Like me, perhaps you also have heard enough and seen enough renditions about the Titanic disaster. This story is about the ship that played the Titanic in the Nazi-made movie about the undying legend.

The Cap Arcona was a large German luxury ocean liner, formerly of the Hamburg-South America line, and first launched in 1927. The 27,561 gross ton ship was named after Cape Arkona on the island of Rügen in Mecklenburg-Vorpommern. She was considered one of the most beautiful ships of the time, was the largest German ship on the South American run, and carried upper-class travelers and steerage-class emigrants, mostly to South America.

In 1940, the ship was taken over by the German Navy and used for the evacuation of Germans from East Prussia. These were dangerous journeys, as the Baltic Sea was heavily populated with Russian submarines and laden with mines. At least two other ships had already been sunk, with deaths in the tens of thousands. It has been recorded that prior to the Cap Arcona’s last journey, much of its machinery wearing down and on the verge of breakage, the captain shot himself rather than make the perilous voyage.

The Stage of a Ship

The good ship Cap Arcona apparently survived its last journey, was decommissioned, and sat in the Baltic port of Gotenhafen for a while.

Some time in 1941 or ’42, a film was commissioned by Joseph Goebbels, the Propaganda Minister of Nazi Germany, to tell again the story of the Titanic, which had sunk in 1912. Such a film had already been released by the British in 1929, and in German, but this new endeavor was intended to show the superiority of German filmmaking and would also expose the fallibility of capitalism and glorify and honor Hitler’s agenda. It would feature an entirely fictional heroic German officer in the ship's crew, intended to demonstrate the superior bravery and selflessness of German men as compared to the British officers.
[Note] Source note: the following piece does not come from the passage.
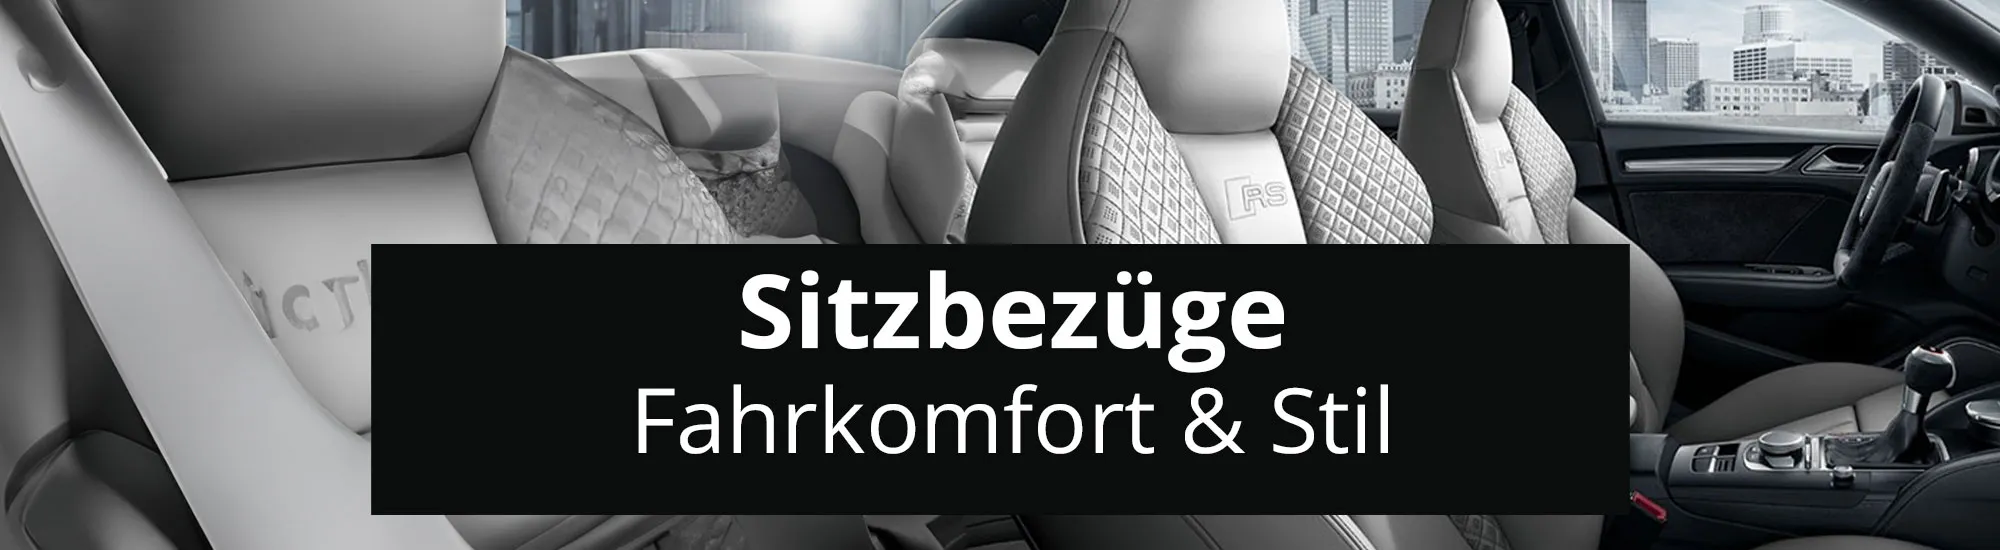 Sitzbezüge für Mercedes Benz V-Klasse online kaufen - (D/G)

In his vision to make the film the grandest ever, he ordered the building of a replica ship with exact dimensions, aboard which most of the filming was done, at Gotenhafen. The ship that was refitted for this purpose was the SS Cap Arcona.

It is of note that, at a time when the country was immersed in an all out war, hundreds (perhaps thousands) of servicemen and officers were brought in as extras and consultants, and no expense was denied for this project.

The original director of the film was Herbert Selpin. Not long into the first shootings, he became frustrated with the cast and crew. They were not experienced actors, they had little or no commitment, and the young officers were more interested in flirting with the actresses than they were in acting.

One night, Selpin embarked on a tirade of pent-up honest opinion and denigrated the party and its officers and the war and verily declared the foolhardiness and deception that was Hitler’s campaign. His best friend, Walter Zerlett-Olfenius, reported him to the Gestapo, whereupon Selpin was arrested and brought in for questioning. Shortly thereafter, he was found in his cell, appearing to have hung himself. It is well known, however, that Goebbels had arranged it.

Werner Klingler was then given the directorship. Neither of these men ever received credit for their work on the film. After many difficulties, the production was completed at the cost of almost $200 million, which today would calculate to well over $3 billion. Just before the grand opening, in 1943, it occurred to Goebbels that, after all the work and sacrifice, he had made a horrible mistake.

By this time, Germany had seen its own share of casualties, many of them people getting killed in ships and boats and dying in the sea. The film was supposed to have lifted the morale of the people, but now, Goebbels was thinking that all the great action and chaos, the scenes of panic and mass death, which he had fought so hard to produce, might actually have the opposite effect. And so, he banned the film in Germany.

The Concomitant Calamity of War

Joseph Goebbels

Strategic Losses

The film then premiered in November of 1943, in Paris where, supposedly, it was well received. It then toured the capitol cities of the Nazi occupied countries and was reported to have done well.

Towards the end of the war, in 1945, with the Allies closing in from one side and the Russians closing in from the other, it was decided by a high-ranking officer, possibly Heinrich Himmler, that the concentration camps had to be purged of evidence. People of perhaps a dozen different nationalities and/or orientations were forced into death marches of hundreds of miles and brought to the SS Cap Arcona and two other ships.

The Cap Arcona had been made to look like a German warship and rigged with explosives and accelerants, in anticipation of another raid by the RAF. There were 4,500-5,000 people on board the Cap Arcona alone when the bombing started. The sinking of the Cap Arcona and the two other ships was one of the biggest single-incident maritime losses of life during the war and, as such, one of the largest maritime losses of life in history. The total count is believed to have been close to 10,000.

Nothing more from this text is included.